Shawn M. Abernathy, Kelly R. Brown

Department of Chemistry, Howard University, Washington DC, USA

Copyright © 2016 by authors and Open Access Library Inc.

This work is licensed under the Creative Commons Attribution International License (CC BY 4.0).

http://creativecommons.org/licenses/by/4.0/

Received: August 15, 2016; Accepted: September 10, 2016; Published: September 13, 2016

ABSTRACT

The vapor pressure (VP) of 87 grade gasoline was measured using an enhanced VP acquisition system over a temperature range of approximately 19.0˚C (292.2 K) and 69.0˚C (342.2 K). The empirical data were used to predict the thermodynamic entities the enthalpy of vaporization (ΔHvap) and the entropy of vaporization (ΔSvap) of gasoline. The results of this investigation yielded a ΔHvap value of 35.1 kJ/mol and ΔSvap of 102.5 J/mol∙K. The value of ΔHvap was in excellent agreement with the findings of a prior study (Balabin et al., 2007), which produced a ΔHvap values of 37.3 kJ/mol and 35.4 kJ/mol. The enthalpy and entropy of vaporization of n-heptane (37.2 kJ/mol and 100.1 J/mol∙K) and n-octane (39.1 kJ/mol and 98.3 J/mol∙K) were also determined after acquiring VP data for the two VOCs. The empirical results for n-heptane and n-octane were also in excellent agreement with the literature. These favorable comparisons strengthen the capacity of our system for acquiring the VP data for pure and volatile multi-component mixtures.

Subject Areas:

Physical Chemistry

Keywords:

Gasoline, Vapor Pressure (VP), Enthalpy of Vaporization, Entropy of Vaporization, Volatile Organic Compounds (VOCs)

1. Introduction

Automotive gasoline is a major product manufactured by the petroleum industry. The vapor pressure (VP) is a key physical property of automotive gasoline as well as aviation fuels. Gasoline is a petroleum fuel that is highly volatile. It is refined product of crude oil consisting of a mixture of hydrocarbons, additives, and blending agents. The VP is critically important for both automotive and aviation gasoline; this is due to these fuels being manufactured as liquids, but consumed in the vapor phase. Thus, high volatility is a prerequisite for a gasoline to ensure sufficient engine start-up, warm-up and acceleration under routine driving and flying conditions [1] [2] . The VP of gasoline is also vital for predicting the concentration of volatile compounds discharged into the atmosphere via the combustion of the fuel.
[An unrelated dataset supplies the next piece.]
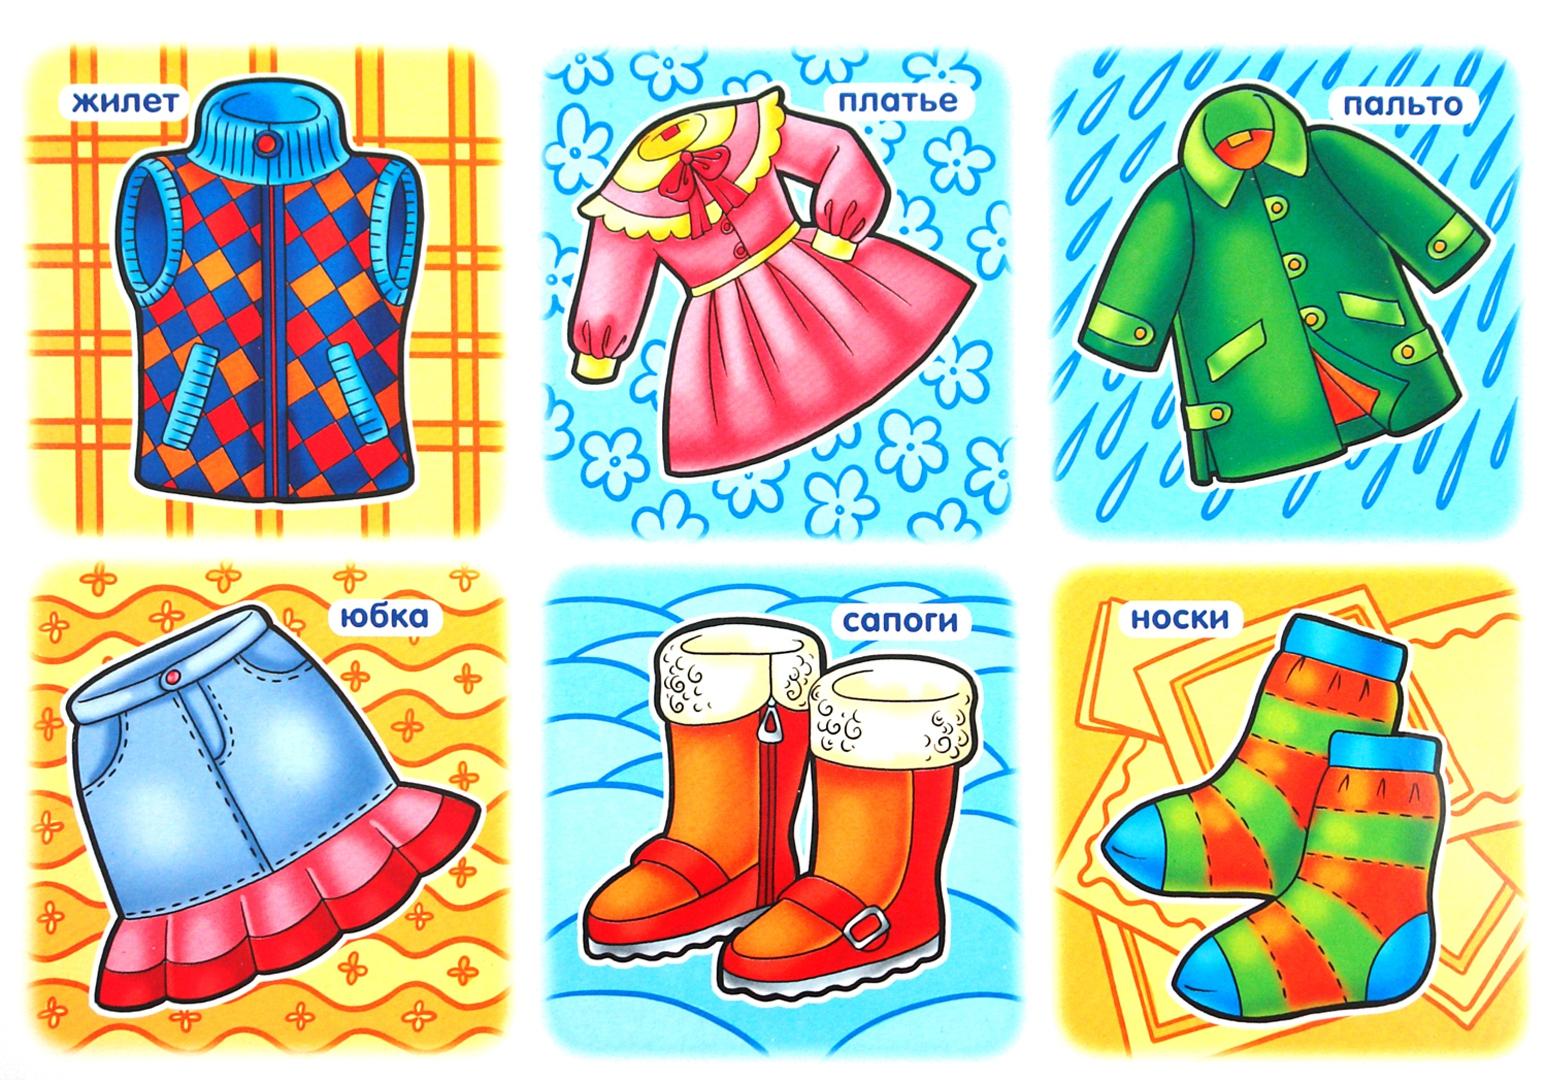 Картинки для магазина одежды для полных движения падающего

There are a number of methods for determining the VP and they are somewhat time- consuming. The Reid vapor pressure (RVP) is typically the measurement of choice for ascertaining the volatility of commercial gasoline in the refinery industry. The protocol and apparatus for acquiring the RVP are well described in ASTM D-323. The RVP is the absolute vapor pressure exerted by a mixture as determined at a temperature of 100˚F (37.8˚C/311.0K) and a vapor to liquid ratio of 4:1. It differs from the true vapor pressure (TVP) which is described as the pressure exerted by a vapor in equilibrium with its liquid phase at a specific temperature. Measuring the TVP is probably more conducive for determining the concentration of combustion contaminants emitted into the atmosphere since a maximum threshold has been imposed for the VP of gasoline in order to restrict air pollution [1] - [3] .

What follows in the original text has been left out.